3rd Chief Justice of Gujarat High Court
- In office 31 May 1963 – 24 February 1966
- Nominated by: B. P. Sinha
- Appointed by: S. Radhakrishnan
- Preceded by: Kantilal Thakoredas Desai
- Succeeded by: N. M. Miabhoy

Judge of Gujarat High Court
- In office 1 May 1960 – 30 May 1963 Acting CJ : 23 May 1963 - 30 May 1963
- Appointed by: Rajendra Prasad

Judge of Bombay High Court
- In office 6 January 1957 – 30 April 1960
- Appointed by: Rajendra Prasad

Personal details
- Born: 16 July 1908
- Died: 1 November 1985 (aged 77)
- Alma mater: Institute of Historical Research, King's College London, Elphinstone College

= Jaishanker Manilal Shelat =

Jaishanker Manilal Shelat (16 July 1908 – 1 November 1985) was a judge of the Supreme Court of India from February 1966 to April 1973. Before that, he served as the third Chief Justice of the High Court of Gujarat from May 1963 till his elevation to the Supreme Court.

==Education==
Shelat initially studied at Jubilee Institution in Umreth. He got his Bachelor of Arts (Honours) in English literature from Elphinstone College, Bombay. Later, he went to King's College and the Institute of Historical Research of the University of London where he submitted his thesis on "Criticism and defence of the constitution of the Senate of the United States of America during the campaign for ratification 1787-1789."

==Career==
He joined the Bar at Inner Temple in 1933 and shifted to India soon after. Shelat became a Judge at the Bombay City Civil Court and an Additional Sessions Judge for Greater Bombay in September 1948. He was appointed an Additional Judge of the High Court of Bombay in January 1957 and made a Permanent Judge of the court in November that year.

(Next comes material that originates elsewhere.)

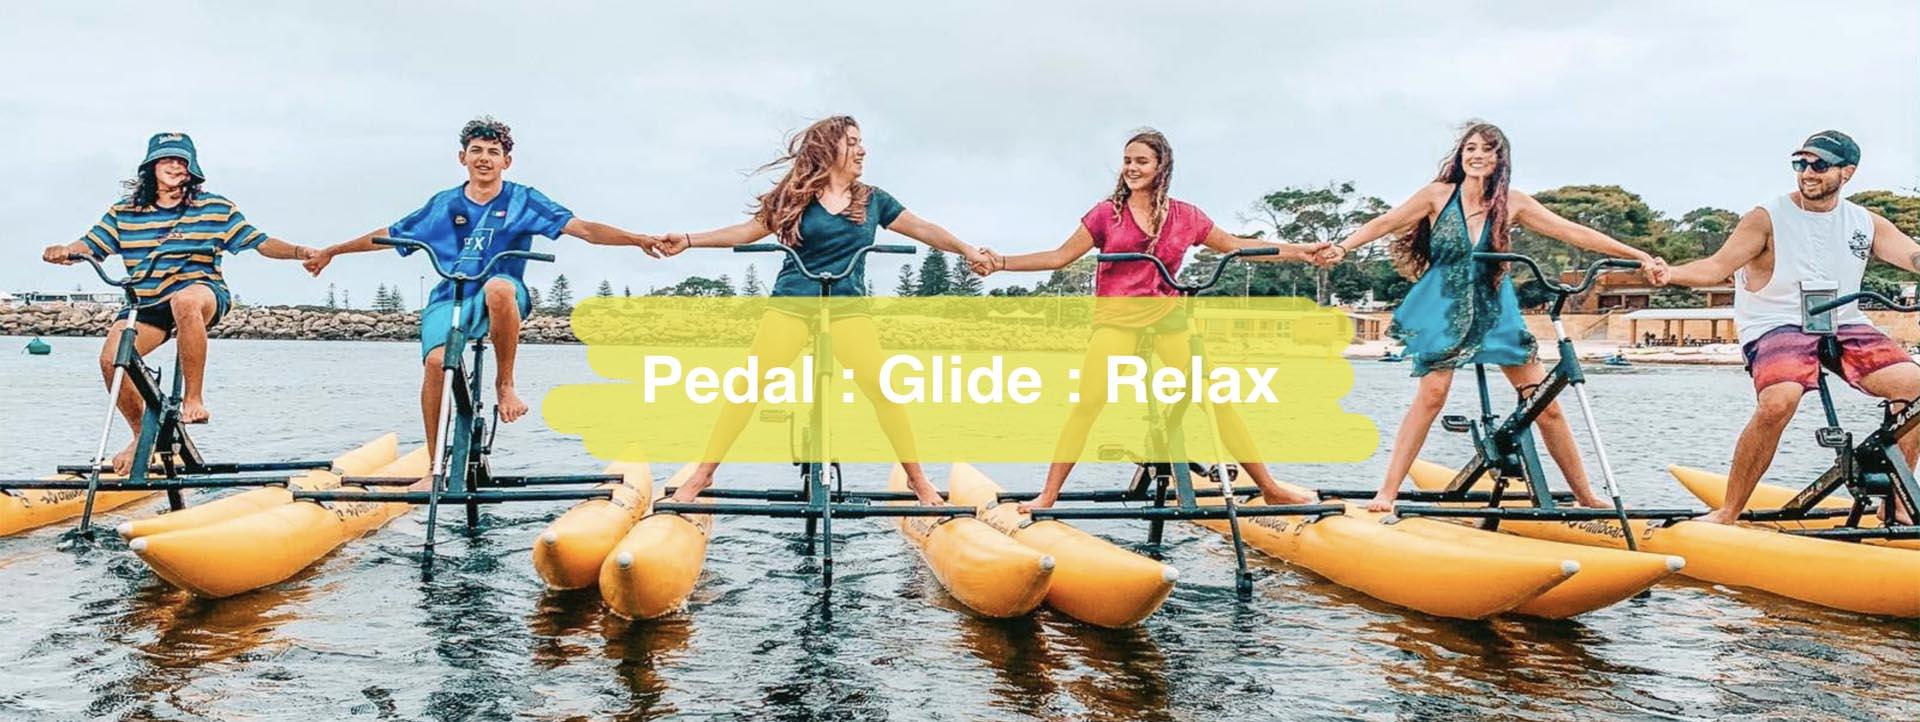 Perth peddle water bikes

===Supersession and resignation===
In April 1973, Shelat was the seniormost Supreme Court judge followed by A. N. Grover and K. S. Hegde who were superseded by Justice A. N. Ray in being named as the Chief Justice of India. This is partly attributed to their being on the side of the majority judgement in Kesavananda Bharati v. State of Kerala which went against the government of the day. Both Hegde and Shelat resigned from the court at the end of that month while Grover did so a month later.